Matt Perryman

Why it never makes sense to line up for a job

By Matt Perryman

The way most people go about finding jobs frankly baffles me.

They look through job listings, apply through a list of requirements and conditions as obscure as Byzantine theology, and then cross their fingers and hope real hard, saying “pick me pick me pick me!”

Competing for attention with tens, hundreds, or even thousands of applicants is playing Lotto.

When I used the Upwork for freelance work in years past, I saw this all the time. One job, 400 applications. The best-qualified job-getter will find it hard to stand out due to the sheer noise.

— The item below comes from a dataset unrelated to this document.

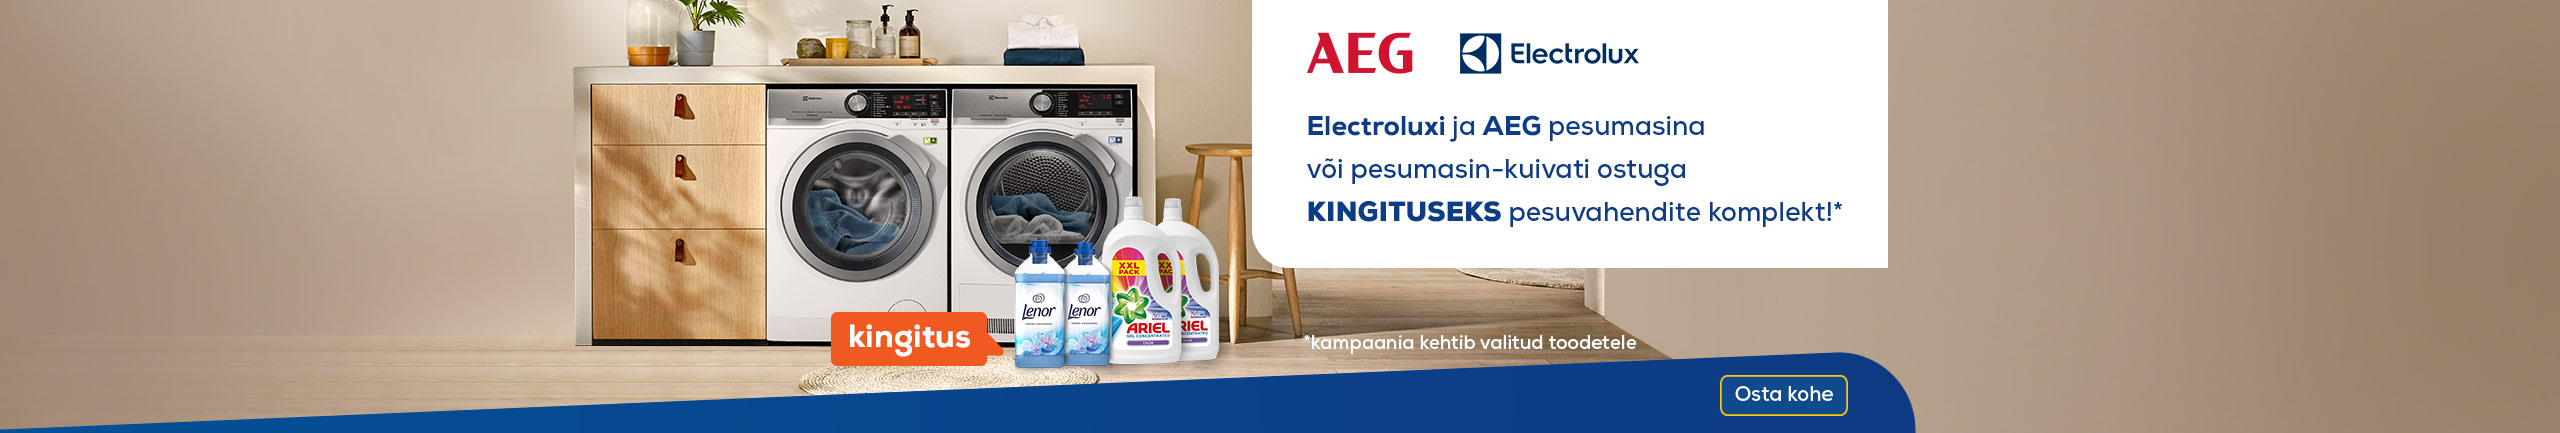 Buy Electrolux or AEG washer and receive a complimentary gift!
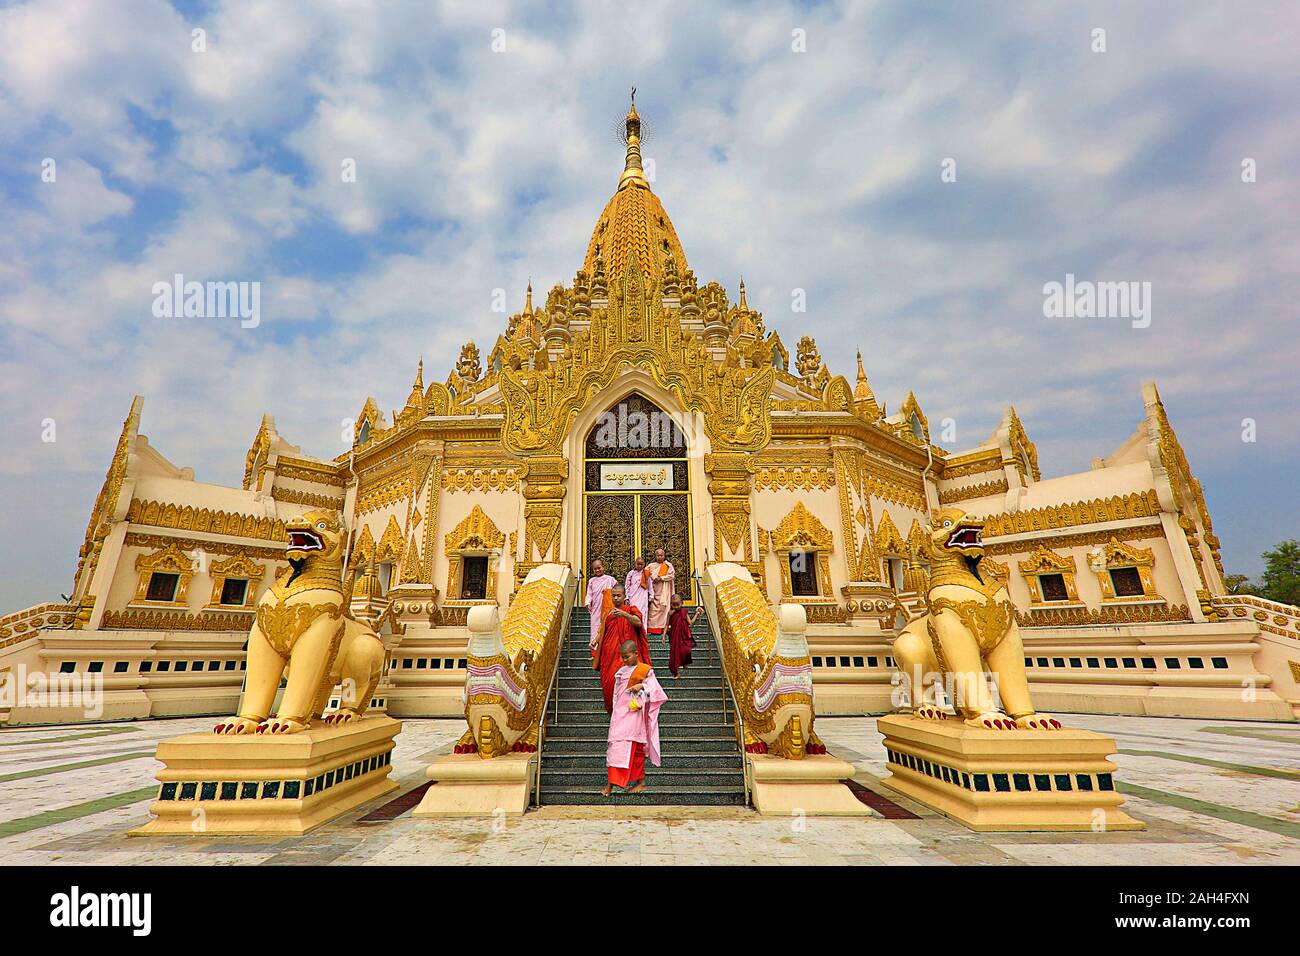 Nuns and monks on the steps of Buddha Tooth Relic Pagoda known as Swe Taw Myat, in Yangon, Myanmar Stock Photo

Whenever I post a job there, it’s the same thing from the other side of the hiring table. Two hundred responses, I make it through 20 — who didn’t read the job and aren’t qualified — before I hang it up.

Nobody wins in the contest to be picked.

It’s an all around sorry process for the job-posters and the job-seekers.

I wonder why they all keep doing it, but then, I remember that humans are largely unthinking animals ruled by habit and socially accepted behaviors.

The fundamental problem is in the power dynamic. There’s one tollbooth and one ticket for a line of 1000 cars. Asking to get picked is unlikely to produce a win for either side.

The smarter move is to step back from the tollbooth and reconsider the situation.

Reverse and reframe the problem. Everybody wants to get the goods out of the tollbooth. Few ask, what does the guy in the tollbooth want?

Getting in line and raising your hand makes you like everyone else waiting for permission.

Bring him a nice lunch with a free gift for his son and you might just skip the line.